For the data below, retype word for word the lines from the one containing "An 18k Yellow" through the one containing "Proceedings of the"; drop the pictures.
##### Data records #####
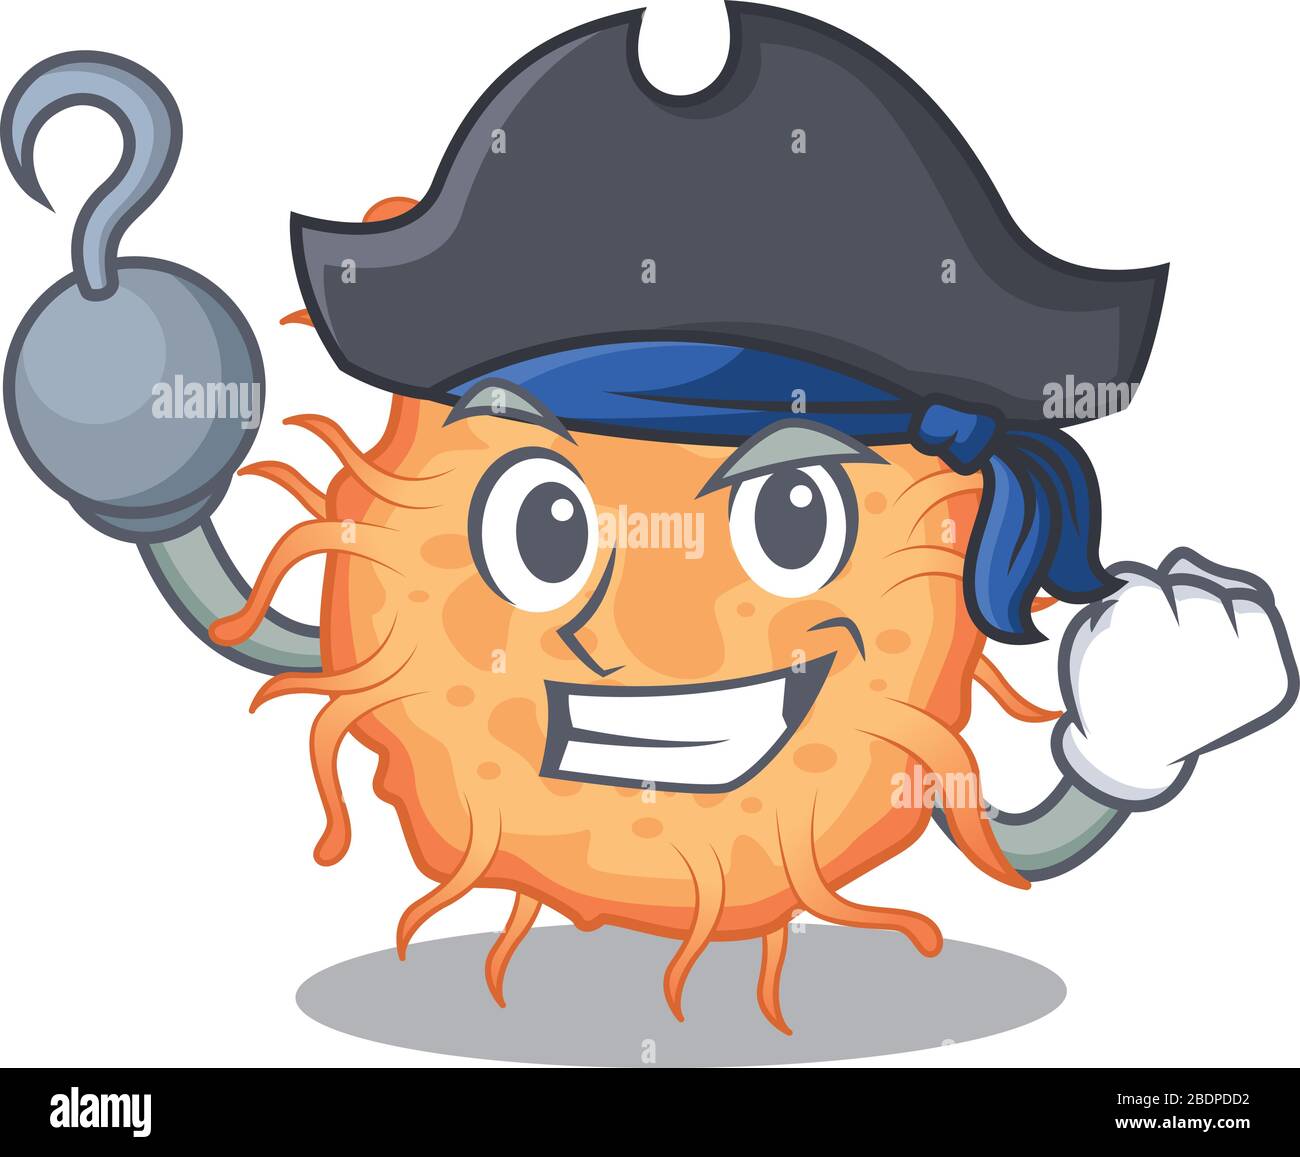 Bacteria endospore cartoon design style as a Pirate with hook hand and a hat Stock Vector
#####
##### Data records #####
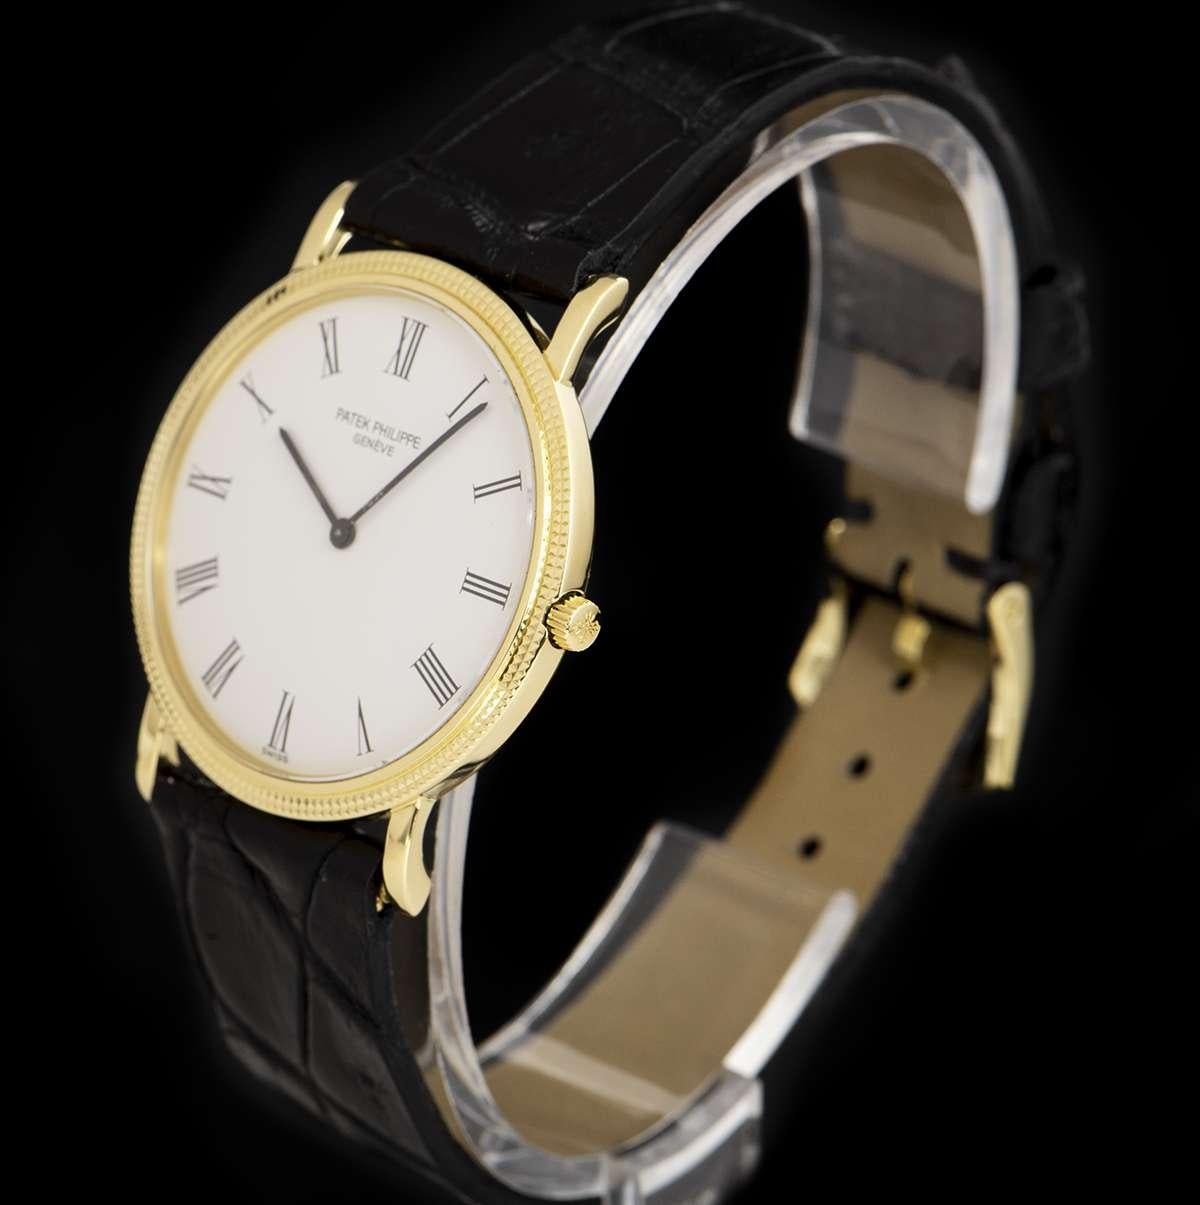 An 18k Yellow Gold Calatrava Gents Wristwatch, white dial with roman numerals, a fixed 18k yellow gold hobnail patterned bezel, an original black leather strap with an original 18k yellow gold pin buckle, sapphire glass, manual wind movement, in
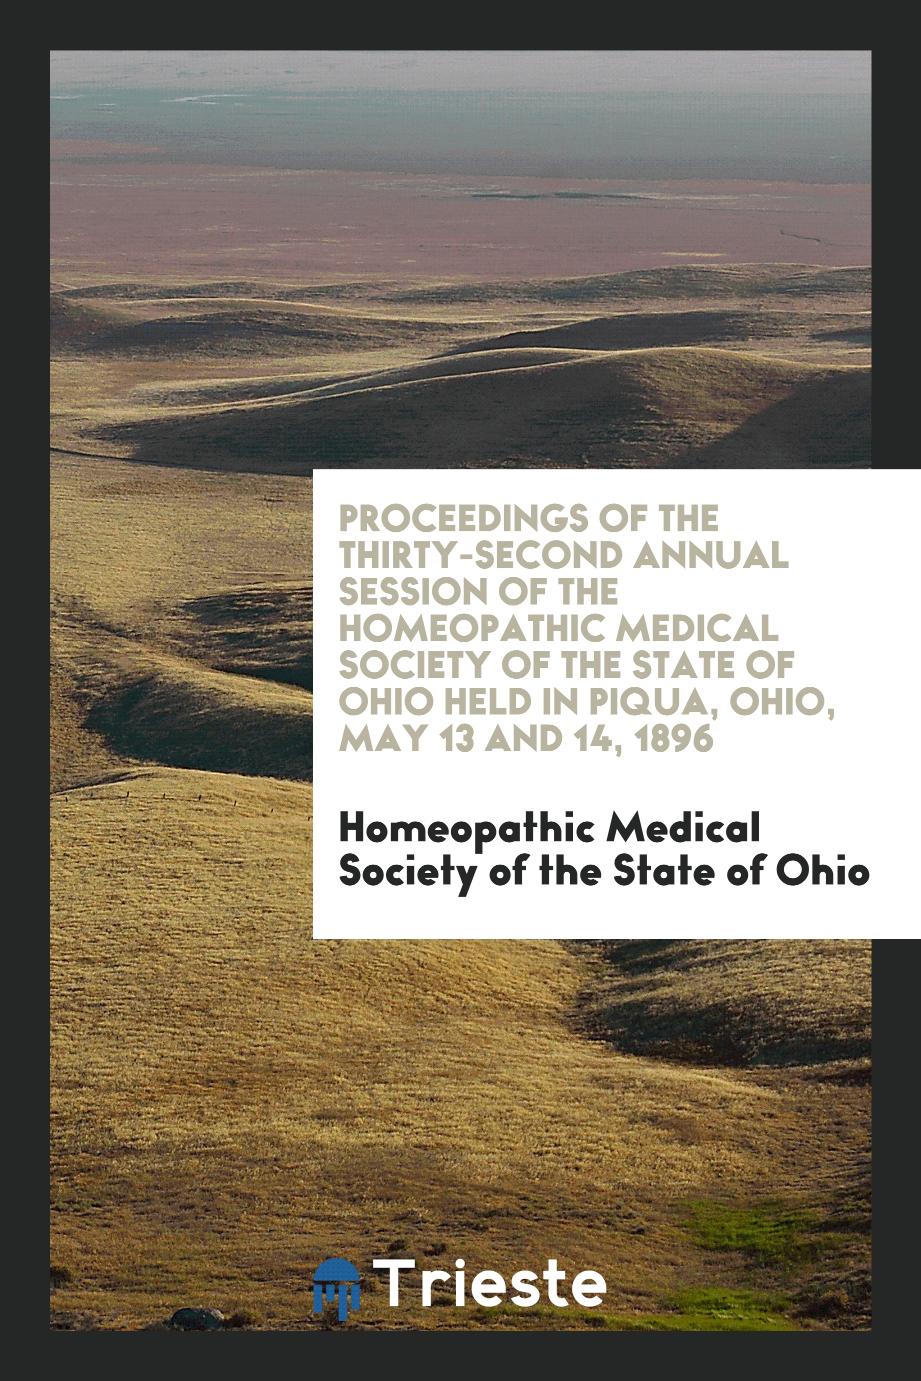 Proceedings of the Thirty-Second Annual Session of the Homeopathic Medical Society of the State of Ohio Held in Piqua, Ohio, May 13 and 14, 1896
#####
##### Data records #####
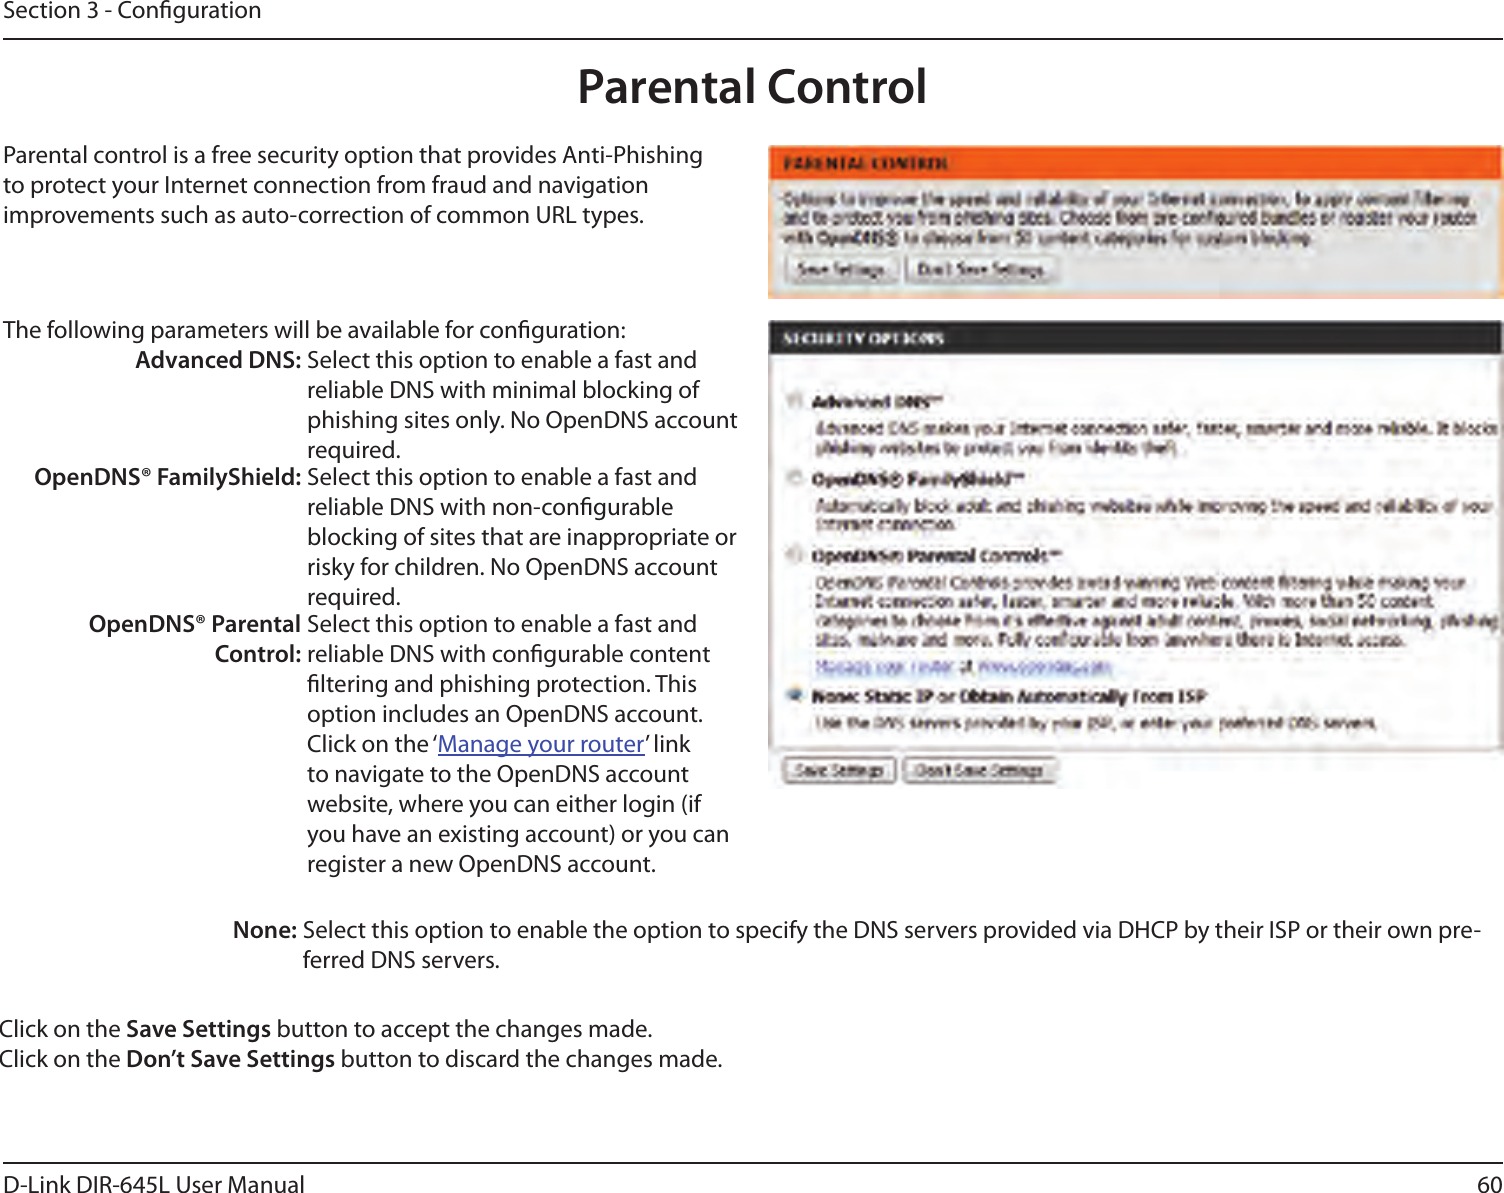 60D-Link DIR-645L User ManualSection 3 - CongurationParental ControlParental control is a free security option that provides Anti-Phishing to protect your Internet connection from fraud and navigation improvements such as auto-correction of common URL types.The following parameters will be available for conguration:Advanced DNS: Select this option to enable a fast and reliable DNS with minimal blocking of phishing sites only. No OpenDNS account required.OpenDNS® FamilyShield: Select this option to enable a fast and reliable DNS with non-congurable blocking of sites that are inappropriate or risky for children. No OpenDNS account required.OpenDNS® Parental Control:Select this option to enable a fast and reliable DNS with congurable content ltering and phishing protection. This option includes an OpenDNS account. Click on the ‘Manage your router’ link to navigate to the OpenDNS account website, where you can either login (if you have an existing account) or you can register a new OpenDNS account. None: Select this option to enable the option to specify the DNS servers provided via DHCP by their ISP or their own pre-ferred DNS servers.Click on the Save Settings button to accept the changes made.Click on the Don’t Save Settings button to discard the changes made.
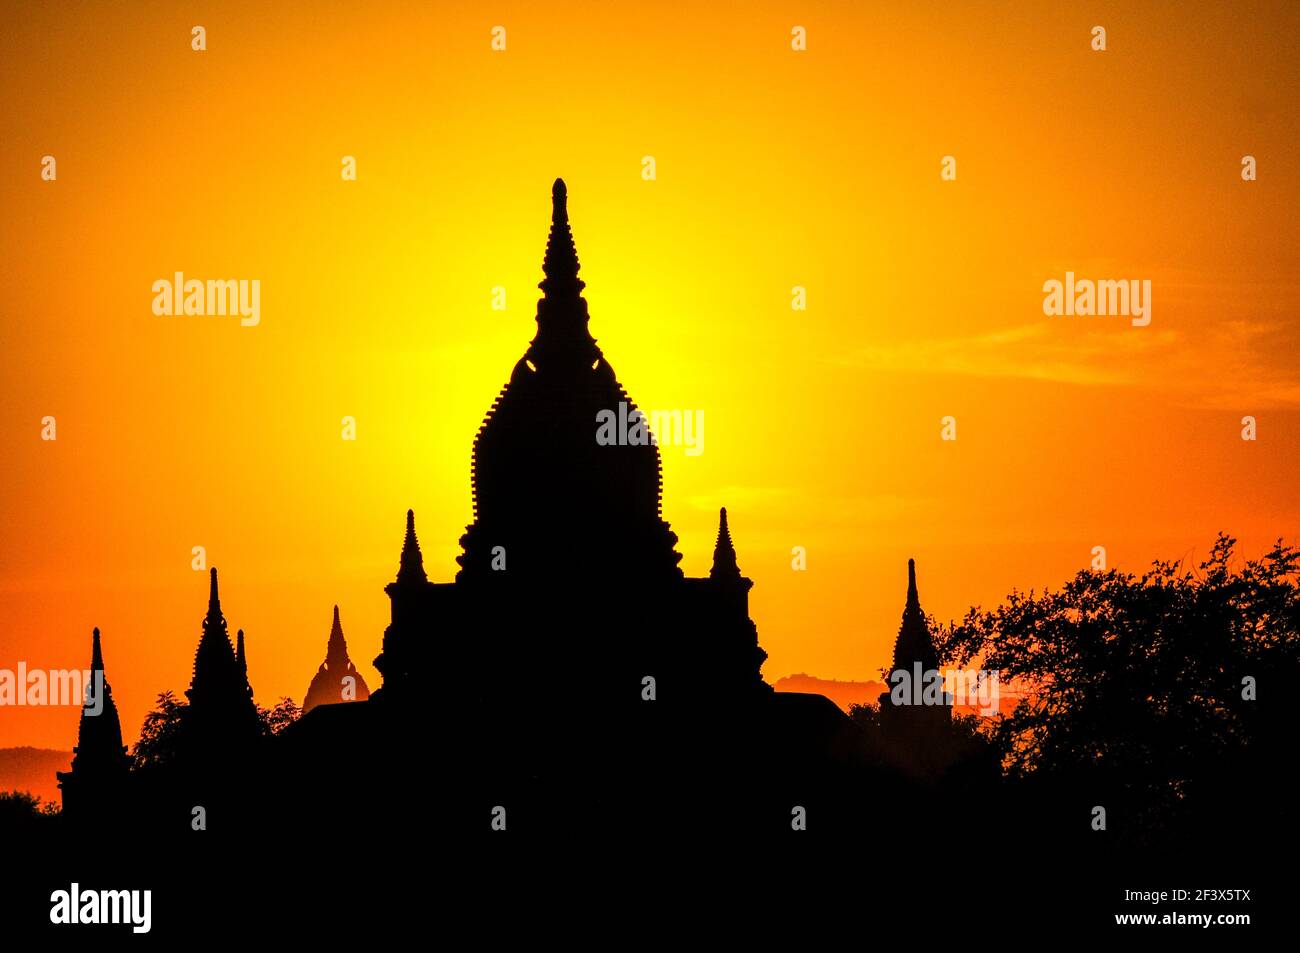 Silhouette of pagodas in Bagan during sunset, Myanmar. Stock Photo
#####
| Solution below |
 An 18k Yellow Gold Calatrava Gents Wristwatch, white dial with roman numerals, a fixed 18k yellow gold hobnail patterned bezel, an original black leather strap with an original 18k yellow gold pin buckle, sapphire glass, manual wind movement, in
 Proceedings of the Thirty-Second Annual Session of the Homeopathic Medical Society of the State of Ohio Held in Piqua, Ohio, May 13 and 14, 1896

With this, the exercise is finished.